Linda Smith writes music for dreams, dreams awash with silence. Her music gently prods the ear and takes it on a journey of discovery, each cluster of sounds a garden of delight. Her latest work titled “Rose With Thorns” for harpsichord and violin was serendipitously premiered in Toronto’s Music Garden on August 19.
This garden was the idea of cellist Yo-Yo Ma and landscape artist Julie Moir Messervy. The two came up with the idea of a “reflection in landscape of Bach’s Suite No.1 in C major for unaccompanied cello”. When the plan was completed, they took it to Boston Massachusetts in the hopes of finding a place to build it. But the city politicians of Boston vetoed the idea so Yo-Yo and Julie migrated north to a new city and a different country,Toronto, Canada.
Here in Toronto, they struck gold. They hooked up with Jim Fleck a former college bass drummer, businessman and political advisor who occupies most of his retirement hours funding important cultural organizations. Yo-Yo had found the right man. Mr. Fleck can make a phone call and people will part with significant sums of money simply by hearing “Hi, this is Jim.” Indeed, he got all the money together in a short afternoon of phone calls from his home. There was only one rejection. The owner of high end condominiums overlooking the slice of land proposed for the garden, refused to contribute even though the garden would add considerably to his property values.
It’s been a few years now since the garden was built and it has fleshed out beautifully. Native grasses, lovely shrubs and flowers and trees well on their way to maturity, make this spot if not completely tranquil, at least comforting to one’s eyes and spirit.
A decision was made to hold free week end concerts in the garden and Tamara Bernstein was chosen to organize each season’s roster. Tamara is an intelligent musician and a delightfully loquacious communicator. She has done a remarkably good job from the moment she began. Since the first Garden concert, however, problems have developed beyond those normally associated with outdoor performances.
The Music Garden exists only a sidewalks’ width from Lake Ontario. Private boats dock all along its length and a bit further out, occasional party boats pass by blaring loud music in their wakes. Porter Airlines and Air Canada launch or receive 150 flights a day from the island airport just a hefty stones throw from the garden and as evening approaches, canons are fired from the waterfront to scare Canadian geese from the airline flight paths.
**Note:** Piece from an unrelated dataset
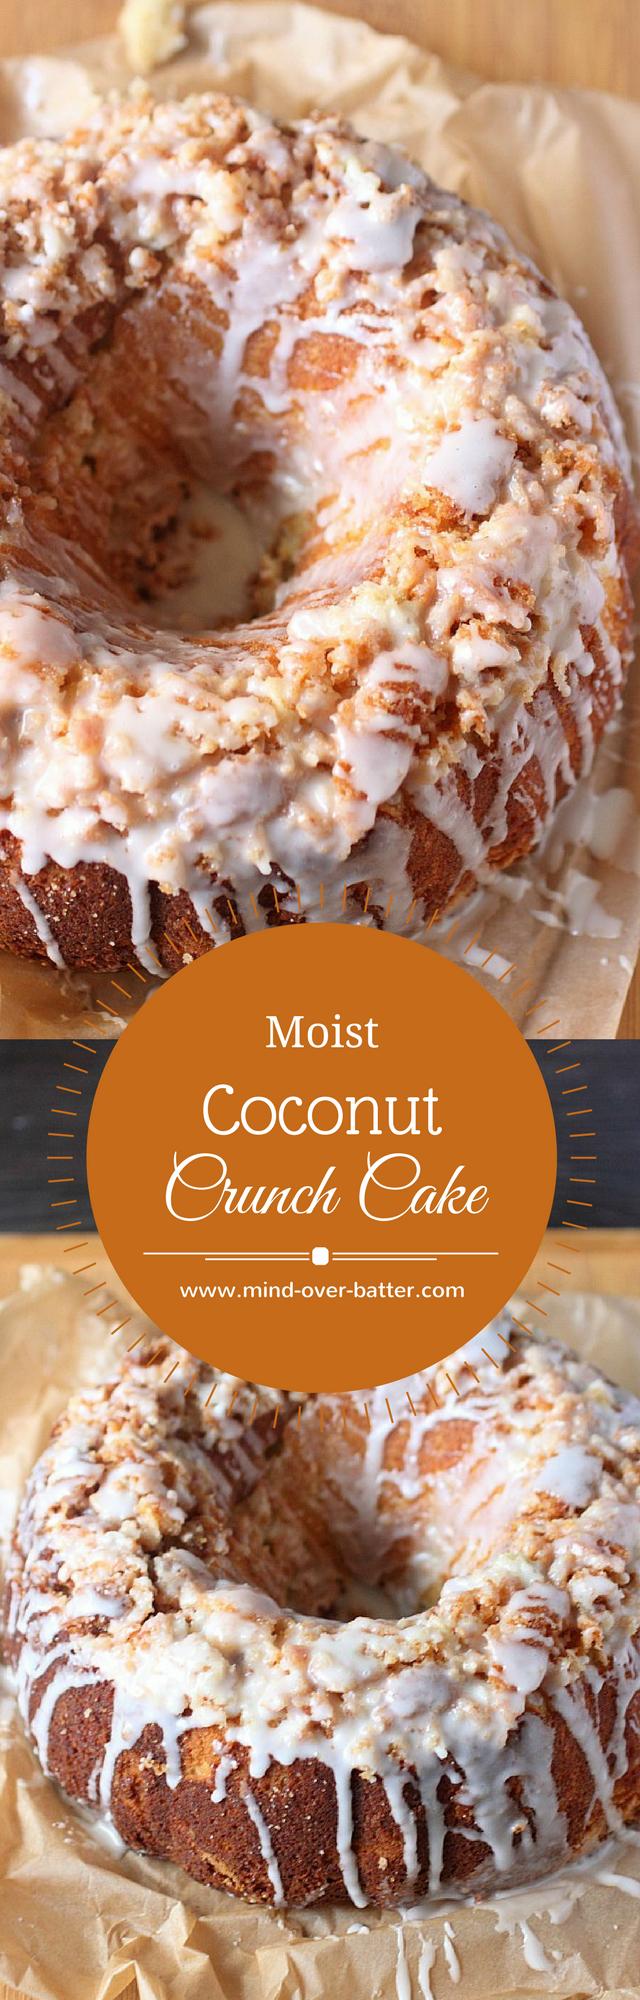 Moist Coconut Crunch Cake wwwmind over battercom Dessert

On the other side are sidewalks, roads for automobiles and tracks for streetcars. From that side you get the occasional sound of horns, radios, bicycle bells, macho motorcycle motors and the clackity-clack of Toronto transit.
So what does all this extraneous noise portend for a harpsichord violin duo? Surprisingly little. The Music Garden has found a good sound-man who enhances instruments and keeps the music clearly audible against the ambient sounds. The violin harpsichord duo is from Montreal and though young, they have some very impressive things going for them. Les Amusement de la Chambres play a very interesting repertoire, mostly from the Baroque era, and play at an extremely high level of artistry. A commissioning program which regularly supplies them with contemporary works was responsible for Ms Smith’s work.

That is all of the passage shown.